## Brief
The material below holds a span beginning at the line with "Attico / Mansarda" and ending at the line with "Météo: un mercredi". Quote that span exactly, both ends included, and only that span.

## Records to use

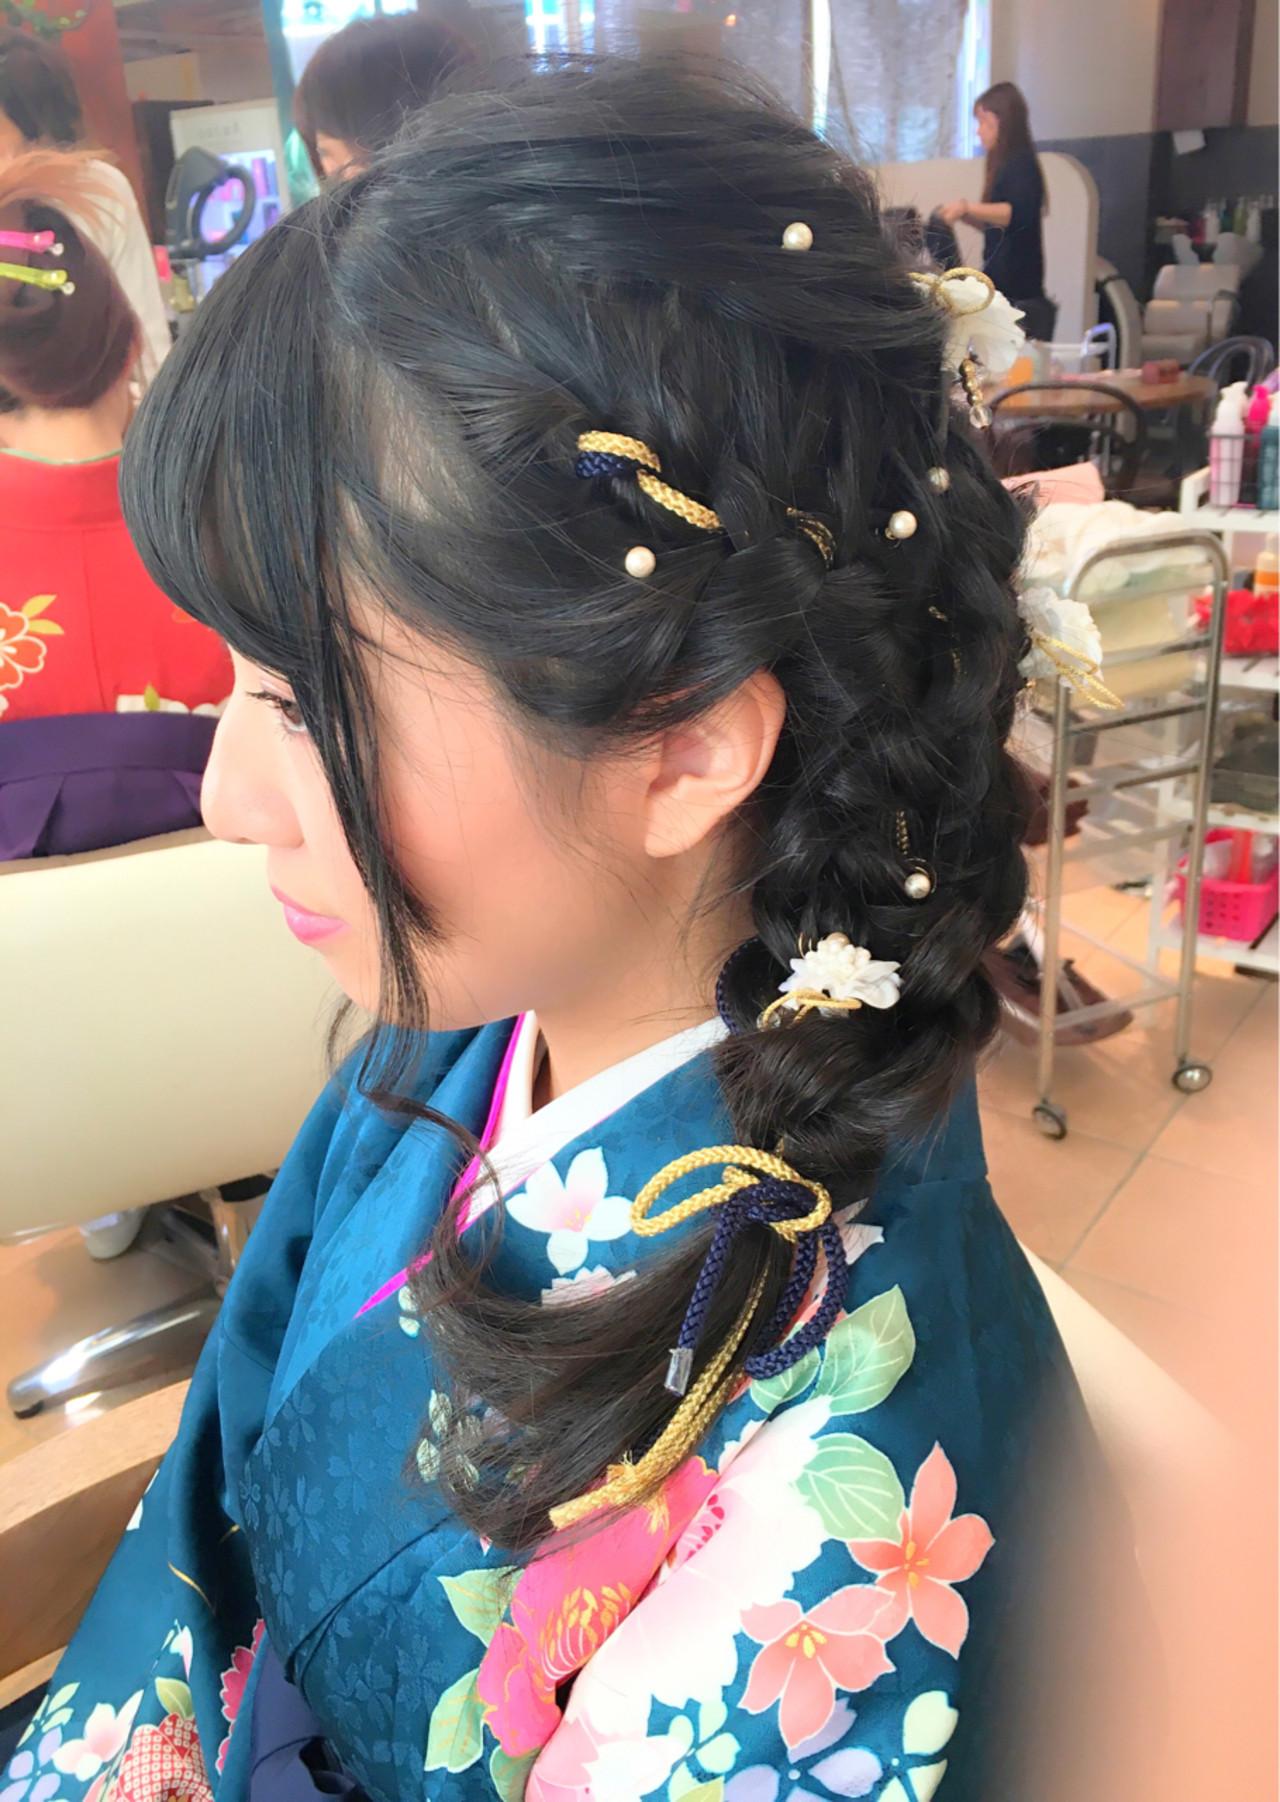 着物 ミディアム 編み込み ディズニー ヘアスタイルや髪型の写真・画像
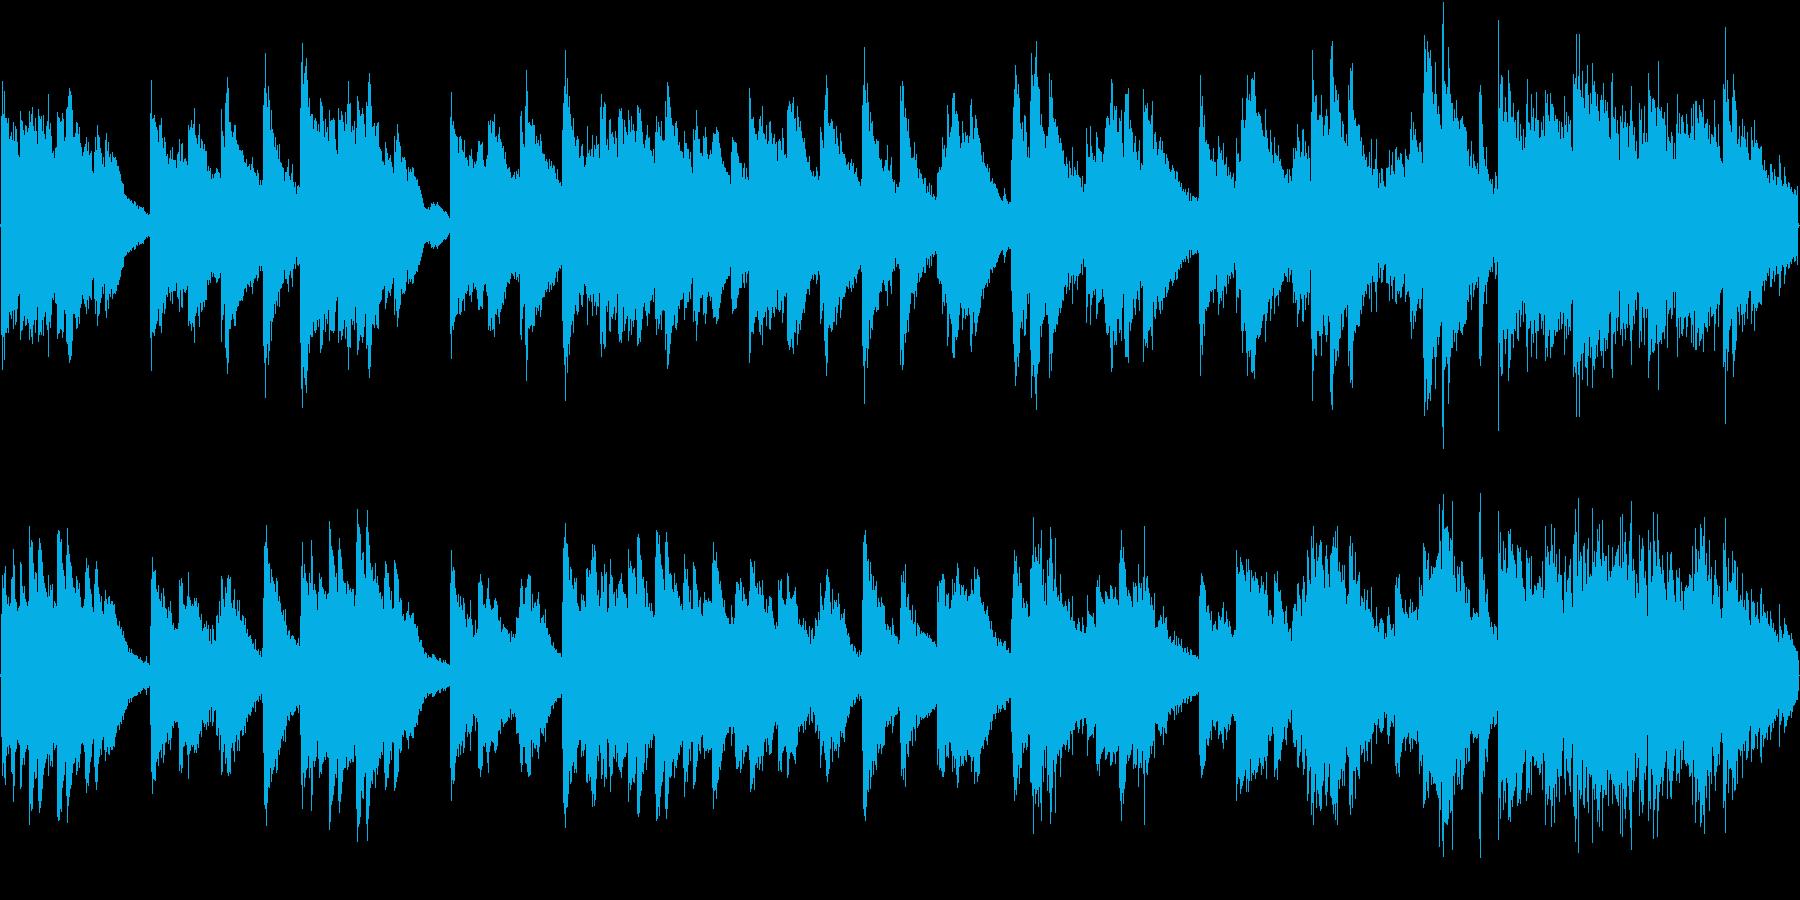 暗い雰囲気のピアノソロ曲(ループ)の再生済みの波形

--

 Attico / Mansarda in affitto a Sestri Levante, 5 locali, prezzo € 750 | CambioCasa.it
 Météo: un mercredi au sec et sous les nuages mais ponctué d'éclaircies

## Task result
 Attico / Mansarda in affitto a Sestri Levante, 5 locali, prezzo € 750 | CambioCasa.it
 Météo: un mercredi au sec et sous les nuages mais ponctué d'éclaircies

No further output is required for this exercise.